Marbury v. Madison
Marbury v. Madison (1803)
1) Link to the Actual Opinion
Read the U.S. Reports opinion (PDF)
2) Summary of the Opinion
William Marbury asked the Supreme Court to order Secretary of State James Madison to deliver Marbury’s judicial commission. Chief Justice John Marshall held that Marbury had a right to the commission, but the statute giving the Supreme Court original jurisdiction to issue the writ went beyond Article III. Because that part of the statute conflicted with the Constitution, it was void.
3) Why It Mattered
This case cemented judicial review: federal courts have the duty and power to refuse to enforce laws that violate the Constitution.
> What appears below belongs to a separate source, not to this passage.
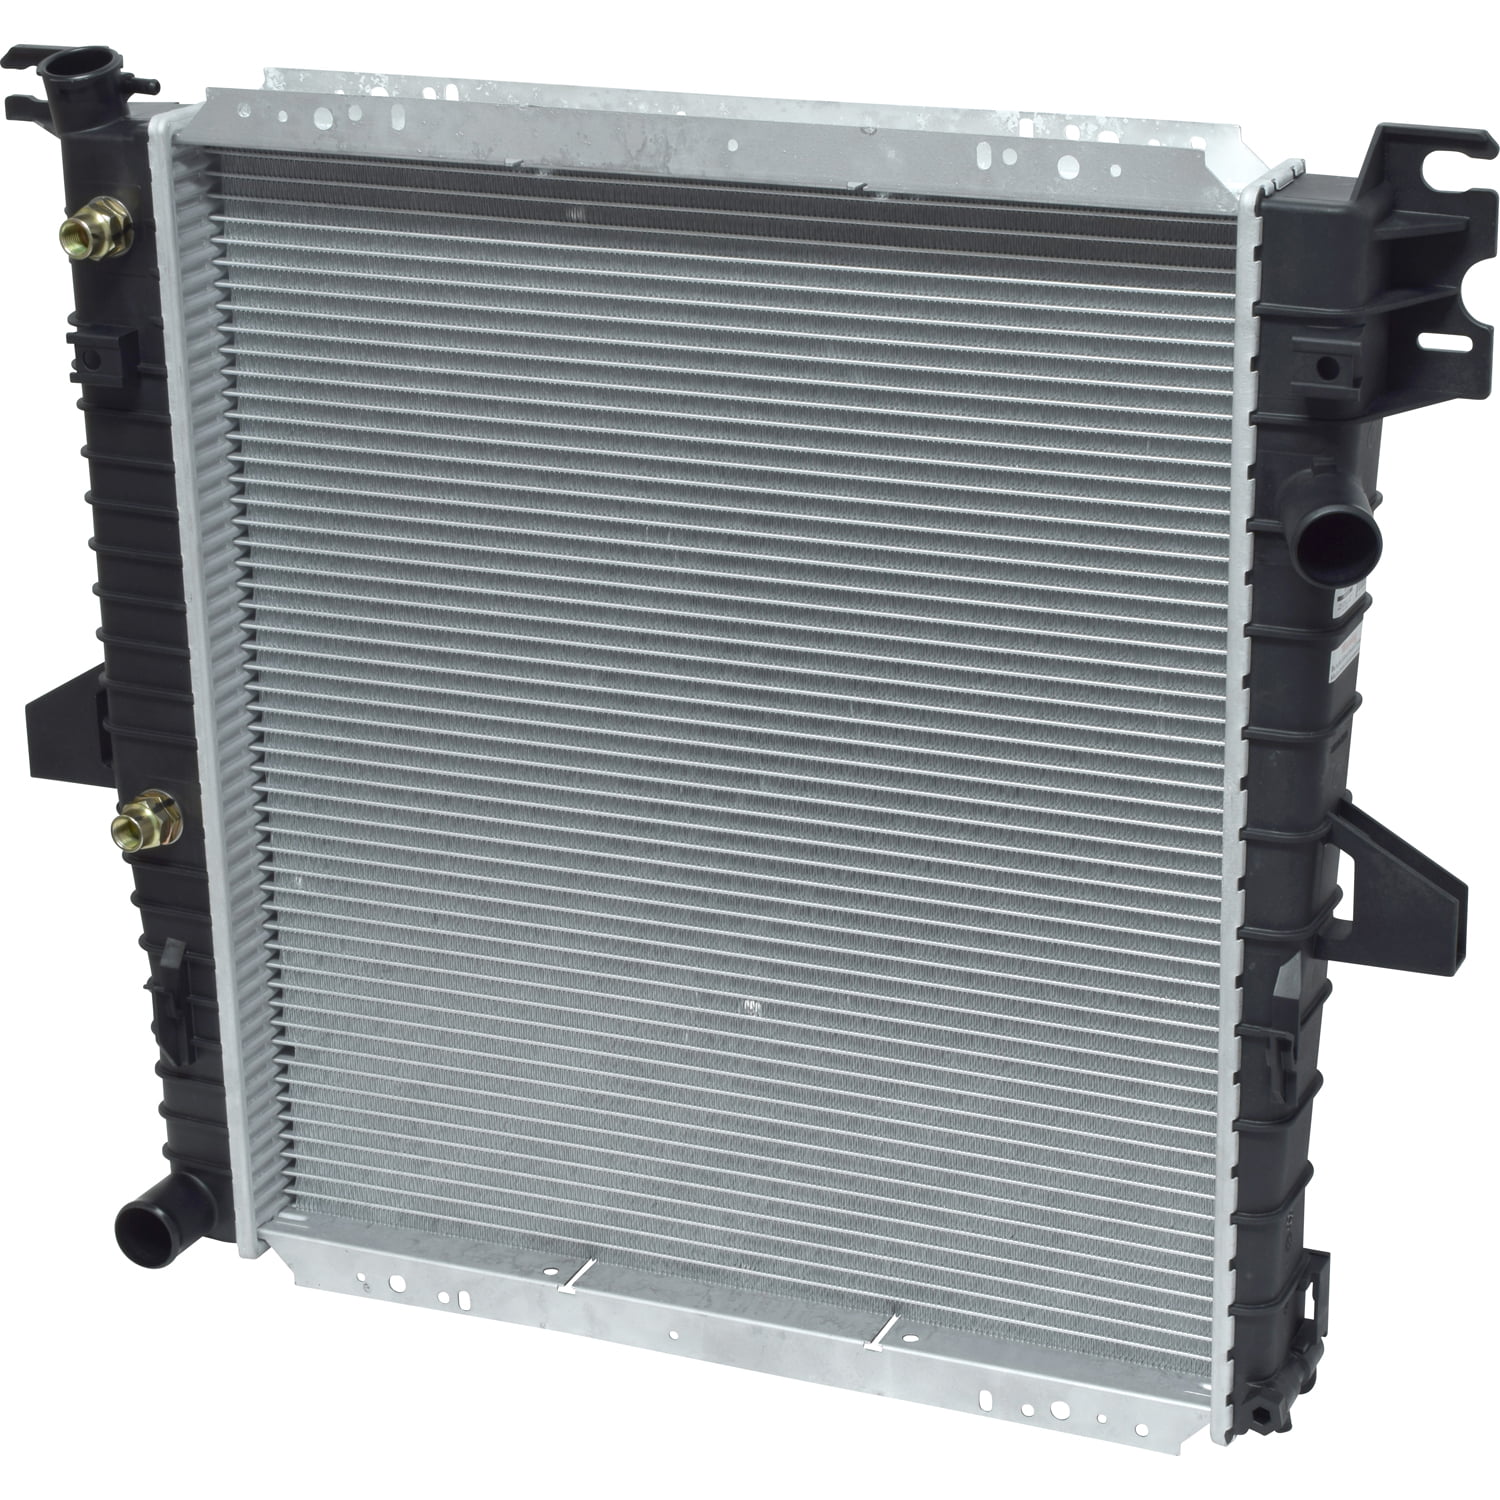 Fits TYC2308 Brand New Replacement Aluminum Radiator with Warranty

It defined the Court’s role as the final expositor of what the law is.
4) What It Provided or Took Away
- Provided: A clear statement that courts can invalidate unconstitutional laws and must follow the Constitution first.
- Took Away: Any idea that Congress can expand the Supreme Court’s original jurisdiction beyond what Article III allows.
5) Overreach or Proper Role?
Bold, but within the Court’s job description. Marshall rooted the ruling in constitutional text and structure (Article III supremacy and the judicial oath). Most scholars view it as the Court doing exactly what it’s supposed to do—say what the law is when a statute and the Constitution conflict.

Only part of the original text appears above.